Читать «Две минуты молчания» онлайн - страница 5
Ханс Кристиан Браннер
В ту минуту он понял, что они с Рагной наконец выбились в люди, и закрыл глаза на то, что произошло, нет, не закрыл, он знал, он отчетливо видел это, да, закрыл глаза и ничего не знал. Ведь он ни о чем не спросил, и они никогда об этом не говорили. Теперь он наконец вспомнил Рагну и услышал, как она говорит, говорит оглушительно громко, увидел, как она улыбается своими белыми волчьими зубами, как она взглядом шарит везде и всюду, как она командует рабочими, перевозившими мебель, столярами, малярами, когда они перебирались из квартирки в маленький домик, из маленького домика-в большой дом, как она переставляет мебель, суетится вокруг торшеров, ковров, гардин, в магазинах перебирает куски материи, щупает ее, задает вопросы, торгуется, как она стоит в передней, принимая гостей, берет их под руки и знакомит, а потом сидит во главе стола у зажженных свечей и говорит, говорит, обращаясь то направо, то налево, и замечает каждую мелочь. И властвует, скаля белые волчьи зубы. Все это как бы происходило сейчас перед ним, оглушало, приводило в растерянность, а он сидел и видел только вещи, ее вещи, ее взгляд, устремленный на вещи, руки, передвигающие вещи, и слышал голос, по-волчьи властный голос, за вещами, внутри вещей. Снова возникла мысль, что она наконец умерла, что он свободен, сам себе господин. Он чувствовал, что так думать нельзя, его за это покарают некие таинственные силы – может быть, судьба, может быть, Бог. И знал, что это неправда, не вся правда, что должно быть что-то другое, что-то такое, за что можно ухватиться и держаться. Его словно кто-то заставил подняться с кресла и подойти к изголовью кровати. Он смотрел на белое запрокинутое лицо, но не испытывал ничего, кроме страха. Почувствовал себя маленьким мальчиком, тем самым мальчиком, который однажды оступился и покатился с крутого берега в реку. И сейчас он катился вниз, хватаясь руками за комья земли, пучки травы, они не удерживали его, и он все катился вниз, а снизу поднималось что-то ледяное и черное и хватало его. Наконец страх исчез, осталось только молчание.

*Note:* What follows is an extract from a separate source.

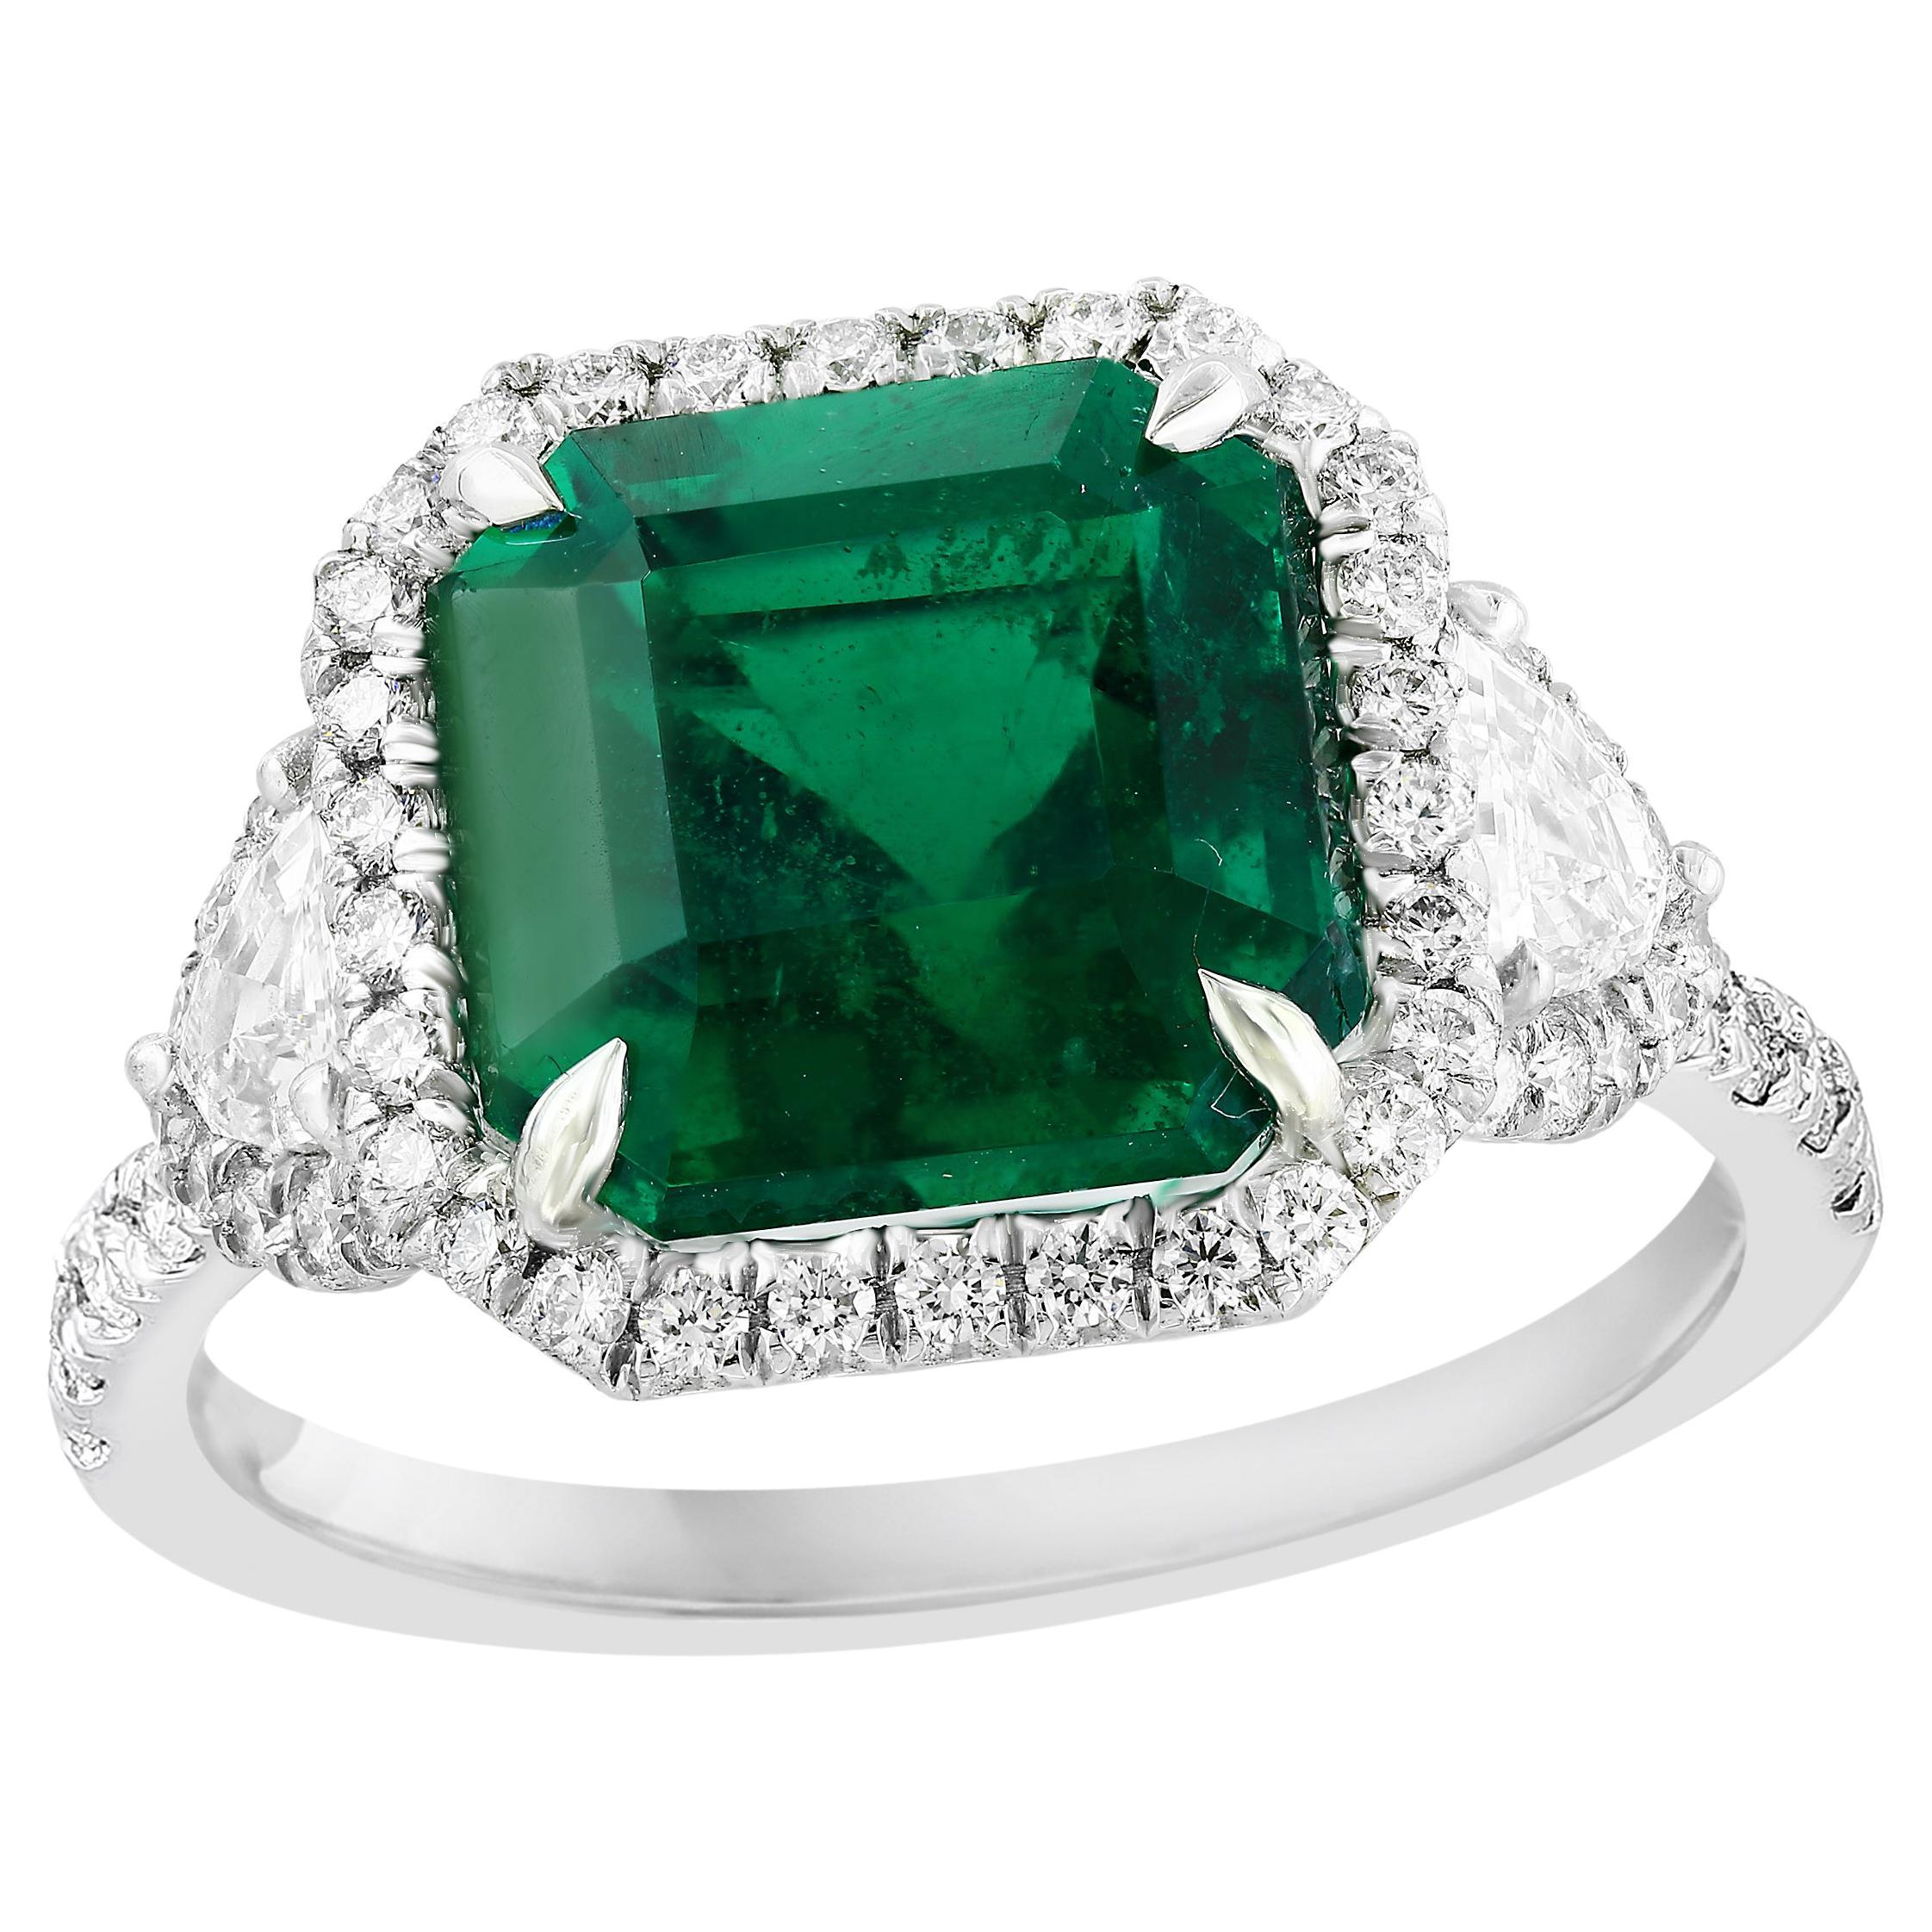 Certified 5.23 Carat Emerald Cut Emerald Diamond 3 Stone Halo Ring in Platinum For Sale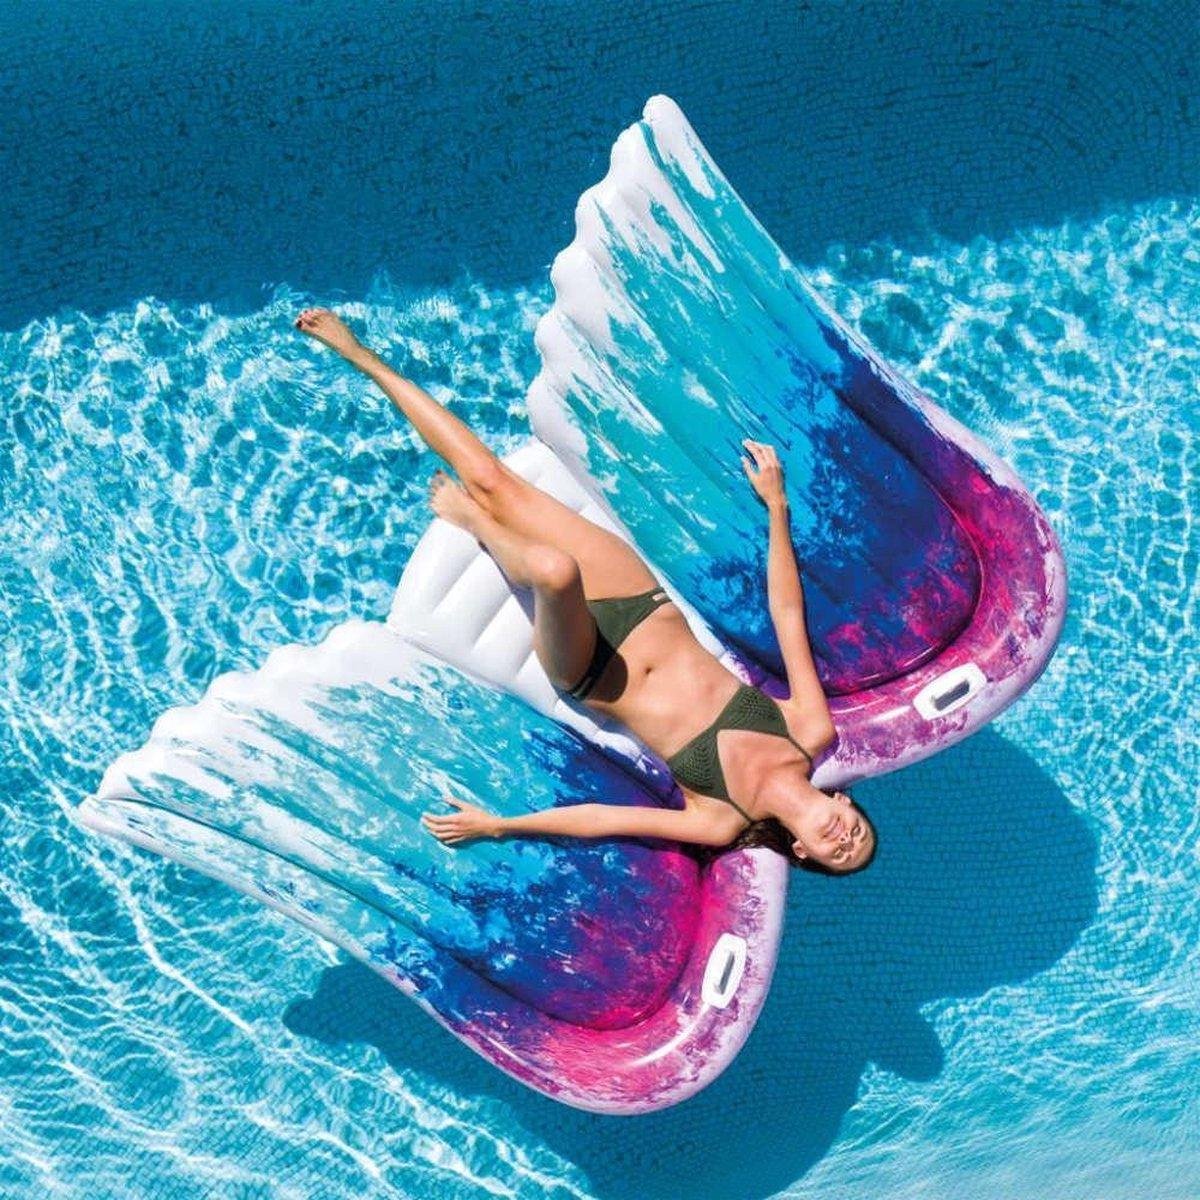 Versterker Hedendaags Maan Intex Angel Wings XXL Luchtbed 251 x 106 cm - opblaasbaar luchtmatras  zwembad | bol.com

Нет, он не знал ее. Он не знал, кто она. То, что он считал ею, были только гримасы, игра света и тени, круги на воде, легкая пыль, поднятая ветром, а может быть, и того меньше – просто ненужные безделушки, вуаль с танцующими на ней мушками. Теперь все это растворилось, пропало, мелкие морщинки и глубокие складки разгладились, последний след ее мыслей давно исчез с лица, и другое лицо, ломая скорлупу, медленно и неотвратимо пробивалось на свет, и вот оно перед ним и живет своей незнакомой, непонятной жизнью. Он не мог теперь дотронуться до него, не смел смотреть на него – так недоступно оно было, такое малое отношение имело к нему, Тидеману, и тому, что он думал о жене. Ему показалось, что он сам умирает, уходит в другой мир, а она идет навстречу и говорит: «Кто ты? Видела ли я тебя когда-нибудь раньше?» Ведь она не знала его, а он не знал ее, и все же они словно вопрошали друг друга о чем-то, словно вместе искали что-то ощупью в темноте-А может быть, они и встречались раньше, только это было так давно, что никто из них этого не помнил. Он долго стоял раздумывая, но все никак не мог припомнить, где он видел это незнакомое лицо, это молодое лицо, лежащее перед ним в вечном покое смерти. Потом он решил, что взгляд его оскорбляет это лицо, он отошел от кровати, заглянул в зеркало и отшатнулся в ужасе: в нем он снова увидел ее с морщинками на лбу, с кругами вокруг глаз, с двумя резкими складками от носа ко рту, к волчьему рту…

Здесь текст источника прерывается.